Whenever a line in the data holds the string "Grey", pull that line out.

Saved data entries:
________________________________________

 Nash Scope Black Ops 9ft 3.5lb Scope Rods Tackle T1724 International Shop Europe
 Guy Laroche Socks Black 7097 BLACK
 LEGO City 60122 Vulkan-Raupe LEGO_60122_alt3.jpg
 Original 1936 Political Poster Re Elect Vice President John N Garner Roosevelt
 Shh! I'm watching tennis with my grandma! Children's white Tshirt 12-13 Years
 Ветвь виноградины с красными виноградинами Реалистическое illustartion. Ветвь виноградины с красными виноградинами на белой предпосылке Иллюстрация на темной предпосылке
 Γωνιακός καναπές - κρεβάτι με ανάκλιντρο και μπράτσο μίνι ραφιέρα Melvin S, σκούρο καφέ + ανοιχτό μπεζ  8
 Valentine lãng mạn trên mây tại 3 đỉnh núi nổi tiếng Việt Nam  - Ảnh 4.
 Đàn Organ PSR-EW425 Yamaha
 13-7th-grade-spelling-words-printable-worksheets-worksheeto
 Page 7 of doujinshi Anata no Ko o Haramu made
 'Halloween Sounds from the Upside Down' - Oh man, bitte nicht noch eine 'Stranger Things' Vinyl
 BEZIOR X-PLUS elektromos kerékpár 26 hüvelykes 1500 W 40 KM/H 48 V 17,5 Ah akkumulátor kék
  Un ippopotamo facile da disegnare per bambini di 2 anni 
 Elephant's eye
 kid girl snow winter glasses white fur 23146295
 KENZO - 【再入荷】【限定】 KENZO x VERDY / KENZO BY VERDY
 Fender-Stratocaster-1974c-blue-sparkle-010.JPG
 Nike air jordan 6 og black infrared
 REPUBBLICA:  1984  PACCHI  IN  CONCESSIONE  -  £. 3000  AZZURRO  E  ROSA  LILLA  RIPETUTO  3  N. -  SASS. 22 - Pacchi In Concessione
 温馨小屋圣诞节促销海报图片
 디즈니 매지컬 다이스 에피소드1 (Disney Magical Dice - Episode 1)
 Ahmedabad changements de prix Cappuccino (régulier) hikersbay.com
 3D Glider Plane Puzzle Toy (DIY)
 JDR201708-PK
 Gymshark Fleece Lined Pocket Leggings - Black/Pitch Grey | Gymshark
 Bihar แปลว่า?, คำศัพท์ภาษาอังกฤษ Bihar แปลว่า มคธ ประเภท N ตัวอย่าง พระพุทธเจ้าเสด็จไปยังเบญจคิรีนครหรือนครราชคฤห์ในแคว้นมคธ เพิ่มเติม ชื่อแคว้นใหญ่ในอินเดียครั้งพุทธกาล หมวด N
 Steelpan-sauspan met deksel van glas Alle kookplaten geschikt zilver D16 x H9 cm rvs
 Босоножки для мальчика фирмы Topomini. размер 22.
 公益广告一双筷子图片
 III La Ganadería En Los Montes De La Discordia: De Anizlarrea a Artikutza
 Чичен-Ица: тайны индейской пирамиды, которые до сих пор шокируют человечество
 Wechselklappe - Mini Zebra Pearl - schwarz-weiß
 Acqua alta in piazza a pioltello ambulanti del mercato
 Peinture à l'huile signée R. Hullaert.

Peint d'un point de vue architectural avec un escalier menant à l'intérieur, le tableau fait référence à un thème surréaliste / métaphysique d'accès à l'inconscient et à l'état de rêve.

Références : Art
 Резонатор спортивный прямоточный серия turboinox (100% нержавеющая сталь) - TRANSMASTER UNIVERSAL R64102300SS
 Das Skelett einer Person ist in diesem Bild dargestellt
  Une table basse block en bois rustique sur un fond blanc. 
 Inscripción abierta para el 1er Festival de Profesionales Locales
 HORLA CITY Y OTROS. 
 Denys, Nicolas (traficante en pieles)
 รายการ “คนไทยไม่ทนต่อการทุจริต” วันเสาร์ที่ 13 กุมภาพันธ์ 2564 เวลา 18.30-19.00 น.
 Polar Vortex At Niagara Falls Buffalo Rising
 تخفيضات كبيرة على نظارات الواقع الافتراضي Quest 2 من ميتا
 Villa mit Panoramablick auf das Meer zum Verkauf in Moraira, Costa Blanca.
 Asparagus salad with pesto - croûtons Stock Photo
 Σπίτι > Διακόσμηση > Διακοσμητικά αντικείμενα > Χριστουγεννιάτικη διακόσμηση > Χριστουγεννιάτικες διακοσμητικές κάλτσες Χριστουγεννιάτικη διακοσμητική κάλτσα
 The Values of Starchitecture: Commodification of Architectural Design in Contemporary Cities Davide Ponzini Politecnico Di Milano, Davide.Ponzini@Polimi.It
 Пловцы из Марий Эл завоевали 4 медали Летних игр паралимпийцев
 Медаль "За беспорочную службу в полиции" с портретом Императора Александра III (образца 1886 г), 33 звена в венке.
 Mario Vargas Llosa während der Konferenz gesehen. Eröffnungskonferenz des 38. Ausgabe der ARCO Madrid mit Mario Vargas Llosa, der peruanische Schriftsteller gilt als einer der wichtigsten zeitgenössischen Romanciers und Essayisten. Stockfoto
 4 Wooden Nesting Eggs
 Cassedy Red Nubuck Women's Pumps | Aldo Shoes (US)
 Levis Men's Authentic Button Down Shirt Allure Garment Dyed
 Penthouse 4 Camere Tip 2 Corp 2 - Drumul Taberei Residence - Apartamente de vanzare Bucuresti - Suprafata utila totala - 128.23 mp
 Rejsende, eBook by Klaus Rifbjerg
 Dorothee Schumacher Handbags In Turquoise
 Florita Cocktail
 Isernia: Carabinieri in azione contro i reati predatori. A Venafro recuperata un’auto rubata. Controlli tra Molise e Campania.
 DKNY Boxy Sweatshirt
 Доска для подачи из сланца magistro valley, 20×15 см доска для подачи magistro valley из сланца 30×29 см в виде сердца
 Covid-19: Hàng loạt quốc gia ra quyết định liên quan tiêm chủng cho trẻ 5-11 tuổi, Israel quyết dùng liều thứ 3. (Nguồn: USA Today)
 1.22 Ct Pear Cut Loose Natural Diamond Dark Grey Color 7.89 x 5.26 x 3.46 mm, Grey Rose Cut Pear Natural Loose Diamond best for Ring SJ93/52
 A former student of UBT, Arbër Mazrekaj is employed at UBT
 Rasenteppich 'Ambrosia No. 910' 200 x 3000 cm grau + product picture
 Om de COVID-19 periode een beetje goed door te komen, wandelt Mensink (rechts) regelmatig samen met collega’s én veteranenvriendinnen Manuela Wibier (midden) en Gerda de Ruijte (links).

________________________________________

▸ WRITTEN ANSWER
 Gymshark Fleece Lined Pocket Leggings - Black/Pitch Grey | Gymshark
 1.22 Ct Pear Cut Loose Natural Diamond Dark Grey Color 7.89 x 5.26 x 3.46 mm, Grey Rose Cut Pear Natural Loose Diamond best for Ring SJ93/52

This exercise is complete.